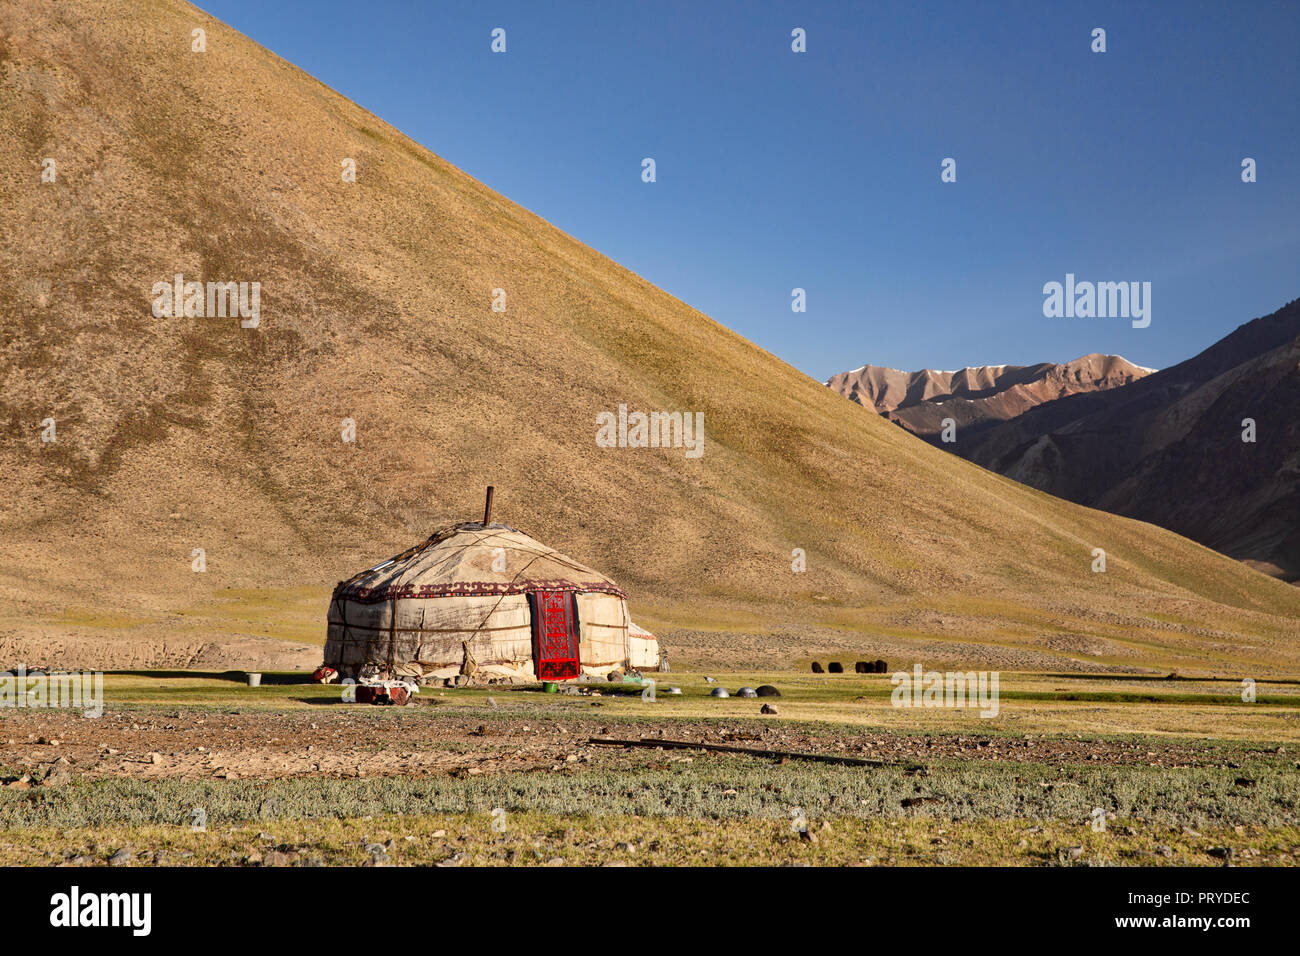 Kyrgyz yurt at sunrise golden hour in the remote Pshart Valley in the Pamir Mountains, Gorno-Badakhshan Autonomous Region, Tajikistan. Stock Photo
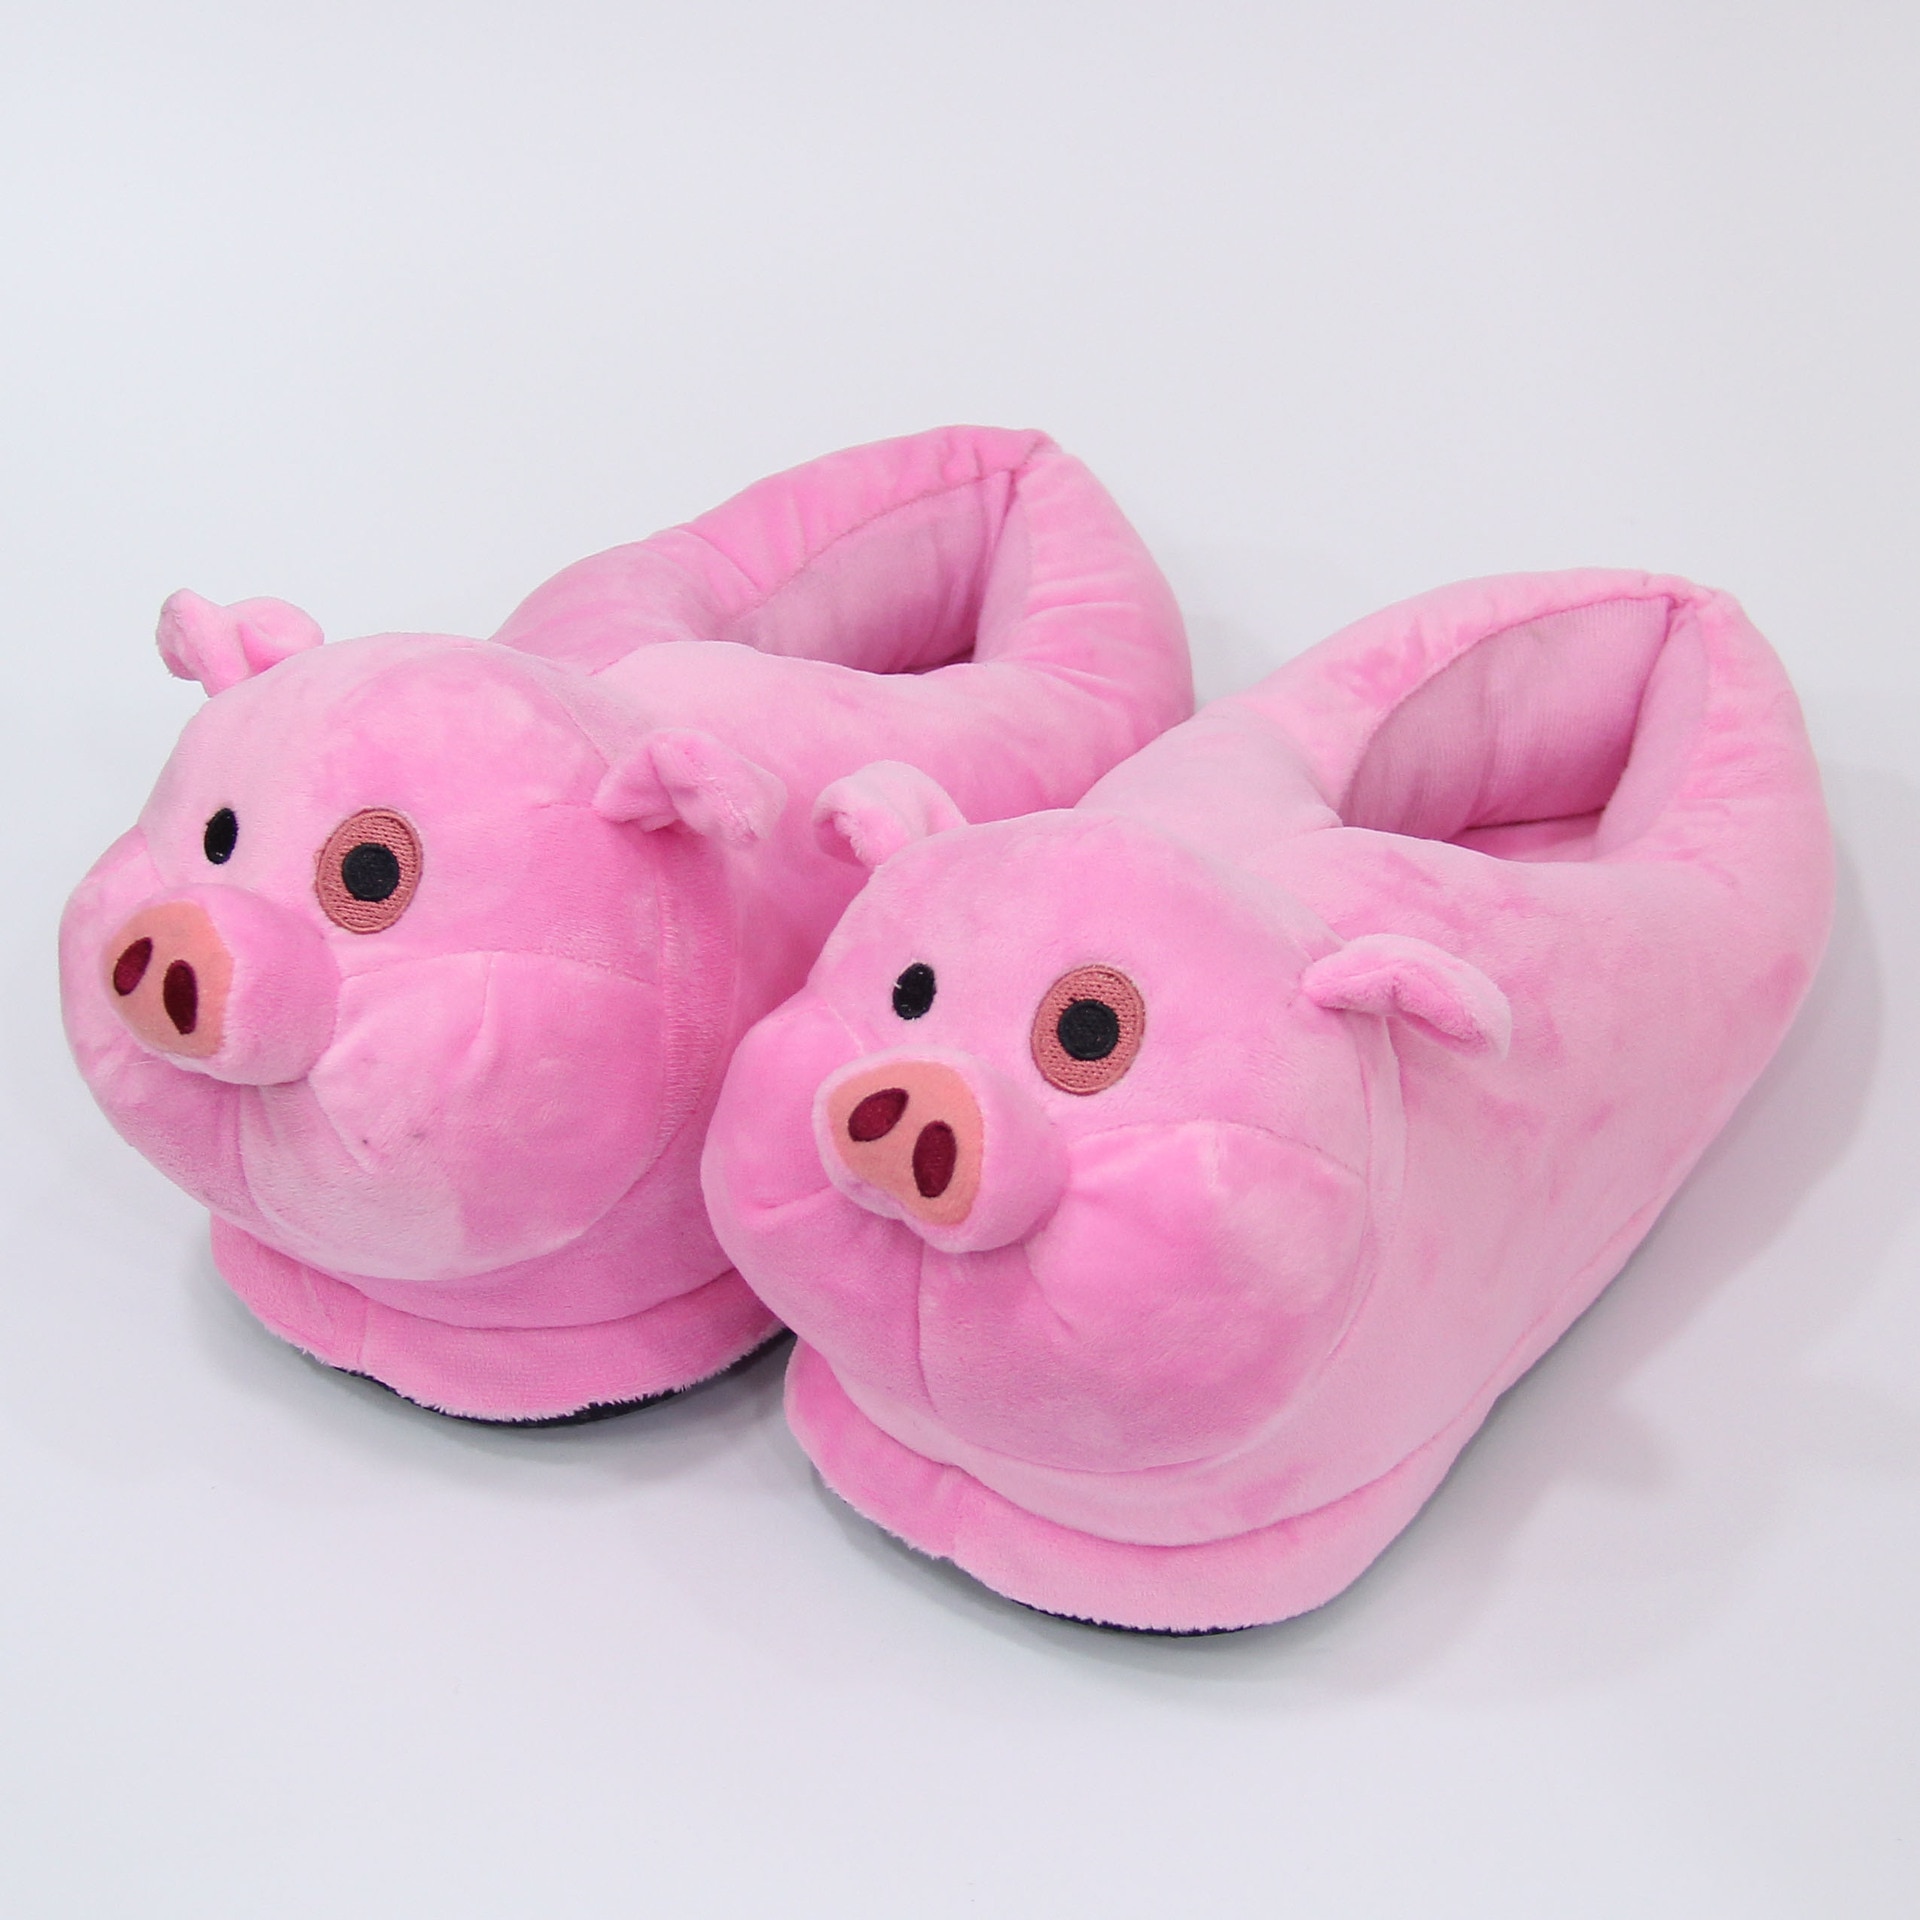 Winter warm Indoor floor bedroom Cotton Pink Pig slippers cartoon cute plush Keji slippers home slip cotton pad shoes
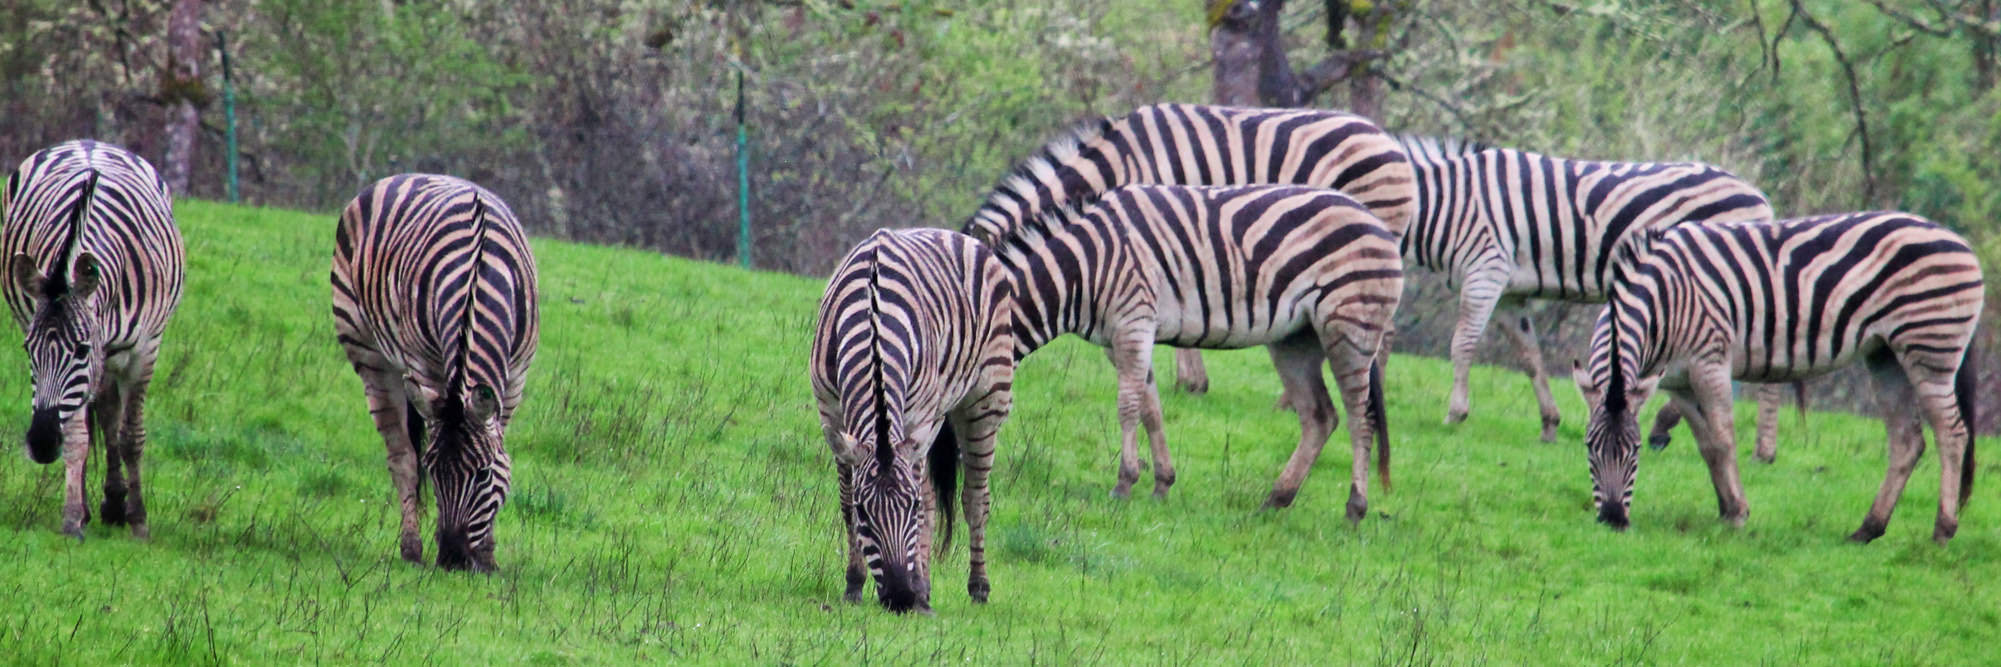 A dazzle of zebras grazing
▬▬▬
- **YOUR INSTRUCTIONS**
The pictures in the listing above are to be dropped, and everything else reproduced exactly.

- **YOUR SOLUTION**
 Kyrgyz yurt at sunrise golden hour in the remote Pshart Valley in the Pamir Mountains, Gorno-Badakhshan Autonomous Region, Tajikistan. Stock Photo
 Winter warm Indoor floor bedroom Cotton Pink Pig slippers cartoon cute plush Keji slippers home slip cotton pad shoes
 A dazzle of zebras grazing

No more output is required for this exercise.